Background

Bayesian inference using Markov chain Monte Carlo (MCMC) is today a common and trusted approach in molecular phylogenetics (see, e.g., in [14]), and is used by phylogeny inference software such as MrBayes [5], BEAST [6], BAli-Phy [7], PrIMe [8] and JPrIME [9]. A typical goal in phylogenetics is to determine evolutionary relationships, for a set of species or for genes of interest, but researchers may also be interested in other parameters, for example parameters related to substitution patterns or duplication/loss processes. An advantage with Bayesian phylogenetic inference is that you can obtain posterior distributions of evolutionary parameters, conditional on your data, where the evolutionary parameters can be classified as discrete parameters (e.g., phylogenetic trees) or continuous (e.g., duplication and loss rates) [10]. For phylogenetics, Bayesian inference is often complicated by the continuous parameters’ dependency on discrete parameters such as trees, that due to their structure can have problems with mixing.

The output from MCMC, the trace, is a conditional sampling of unknown parameters, needing post-processing to yield the desired posterior distributions. Users need to inspect the trace for possible non-convergence, estimate burn-in (how many of the first samples should be discarded?), assess mixing (does it look like a random sampling of the posterior?), and compute parameter statistics. Post-processing can, however, be constrained by practical difficulties, in particular due to presence of both discrete and continuous parameters in the trace, and due to the need to manually extract useful information from MCMC runs, currently using multiple software (for example Tracer [6], AWTY [11] and CODA [12]). User-friendly interfaces supporting graphical and interactive parameter exploration currently has potential to improve.

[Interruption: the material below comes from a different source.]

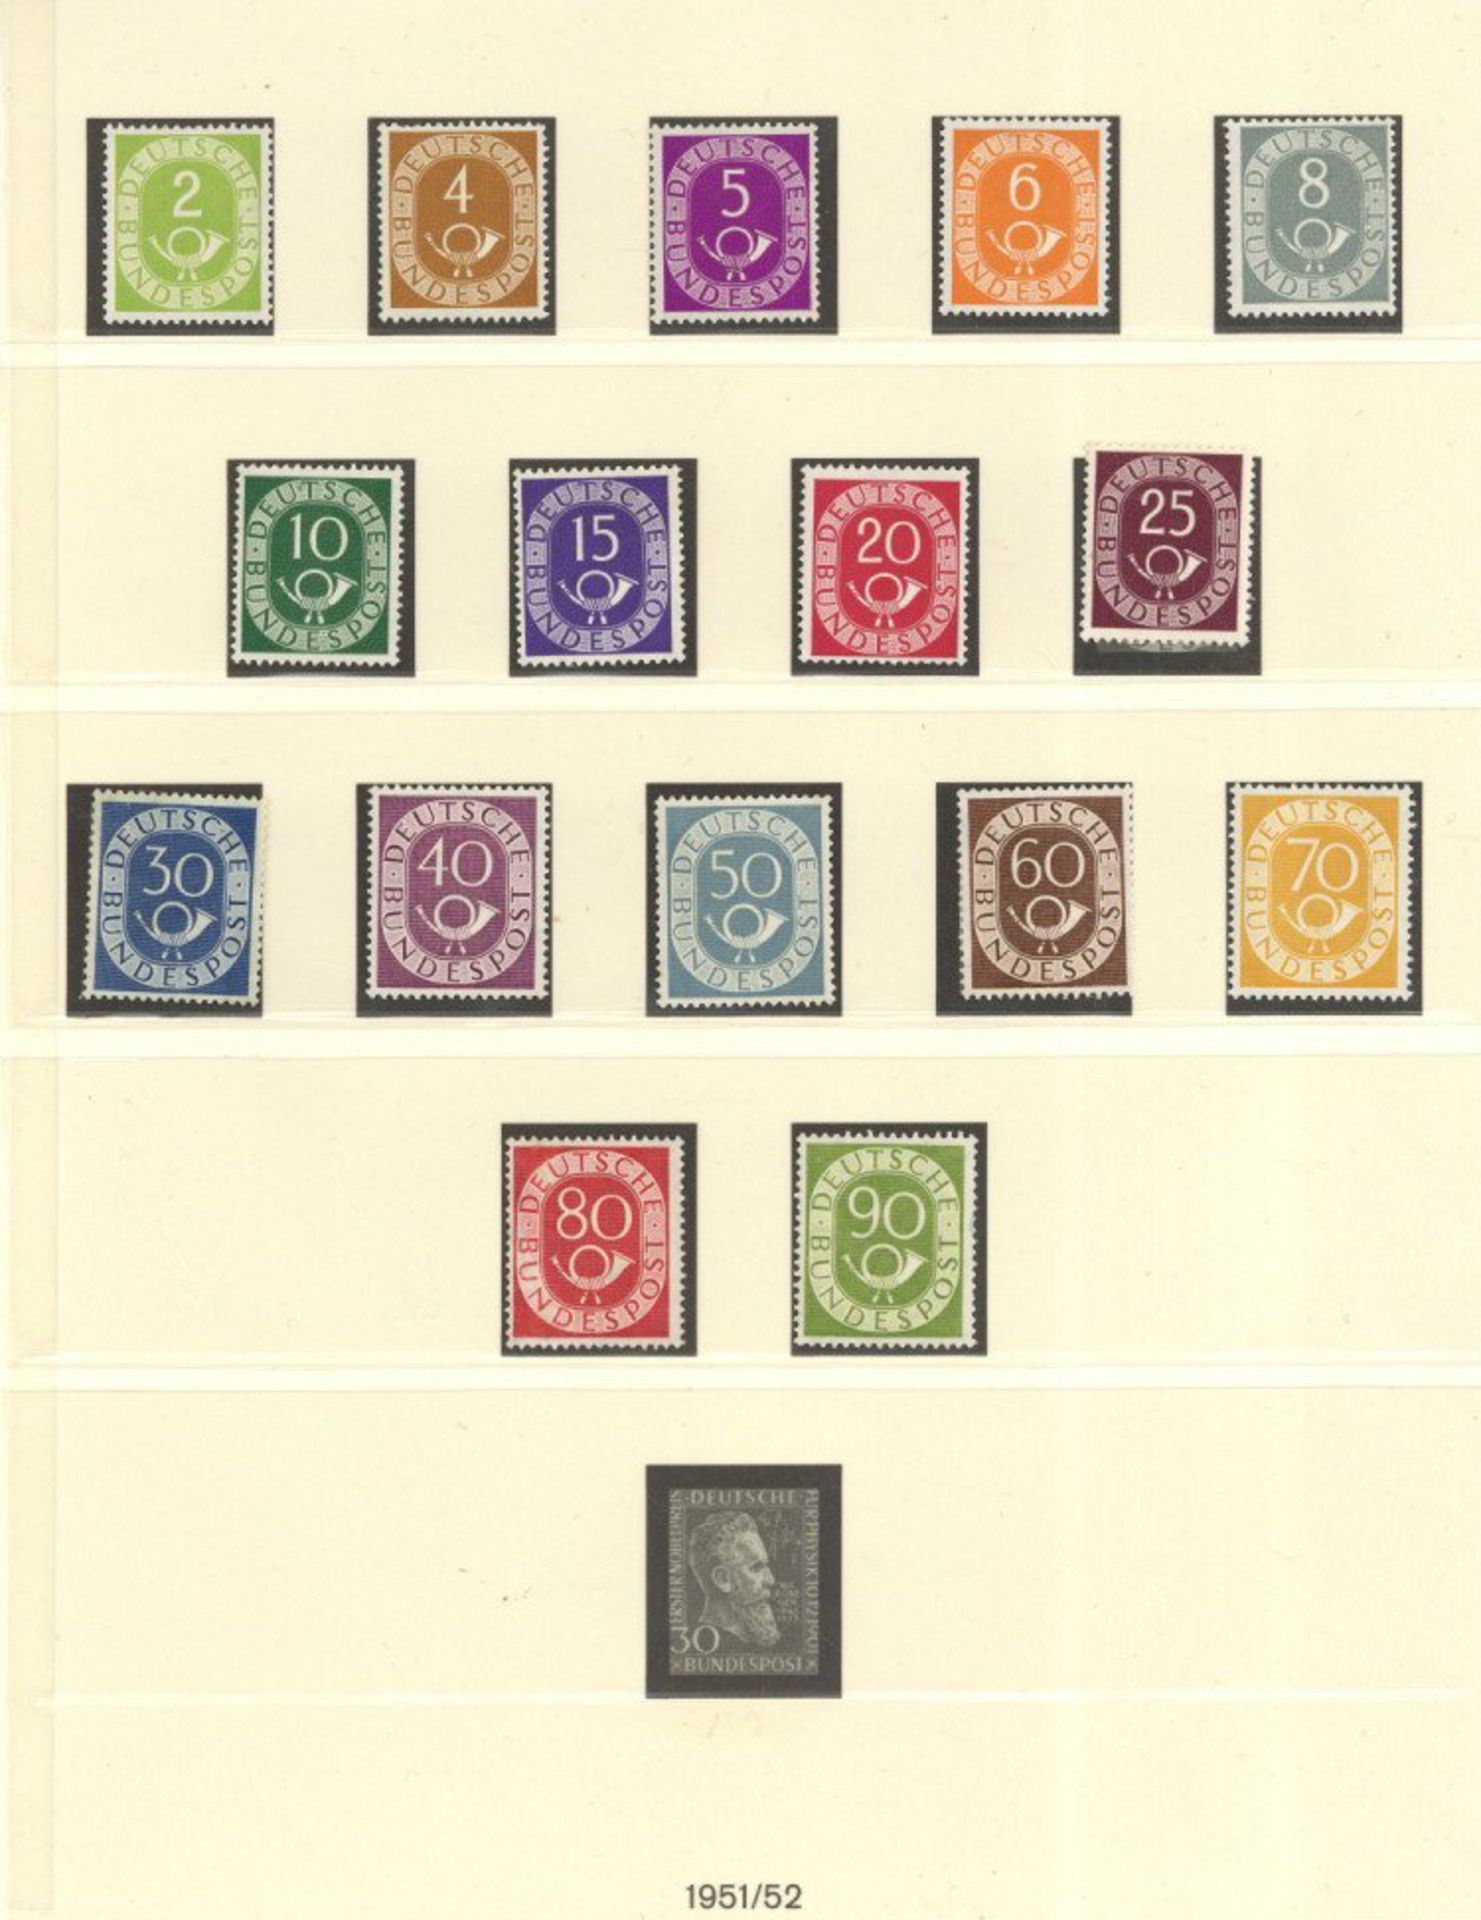 BUND, Mi.Nr.123-38, 1951, 2-90 Pf Posthorn ungebraucht, teils postfrisch, besichtigen

When converged, MCMC samples are drawn from the underlying stationary distribution and the trace represents a sample from the posterior distribution of analyzed parameters. After removing burn-in samples, a converged chain displays little correlation between remaining samples, which also indicates good mixing. Convergence is, in theory, guaranteed in MCMC if the chain is allowed enough iterations. However in practice, it is not possible to estimate how many iterations are needed, nor is it possible to determine whether the chain has converged. Hence, heuristics are used to assess non-convergence and the initial “burn-in”. Software like CODA [12], AWTY [11], and Tracer [6] have support for this, and more, and for example MrBayes [5] has a convergence diagnostic based on standard deviation of split frequencies built in. These heuristics analyze a single parameter of the chain at a time and the decision of convergence is, usually, left to visual analysis of the trace and the heuristic value proposed for the parameter. For example, Tracer [6] suggests the heuristic that the effective sample size (ESS) [13] is greater than 200, for all parameters, as well as manual analysis of the trace to ascertain that the chain has indeed converged. Please note that the recommendation/heuristic of ESS greater than 200 by Tracer does not have a theoretical justification or a systematic study to support it and using a sufficiently large ESS for assessing convergence for high-dimensional MCMC is recommended by Gong and Flegal [14]. In the convergence analysis of large data sets, e.g., for genome-wide analysis, the manual inspection of convergence becomes a bottleneck and one would like to rely on automated non-convergence assessment and burn-in estimation based on multiple convergence diagnostics. Therefore, we see a need for simplified large-scale convergence analysis.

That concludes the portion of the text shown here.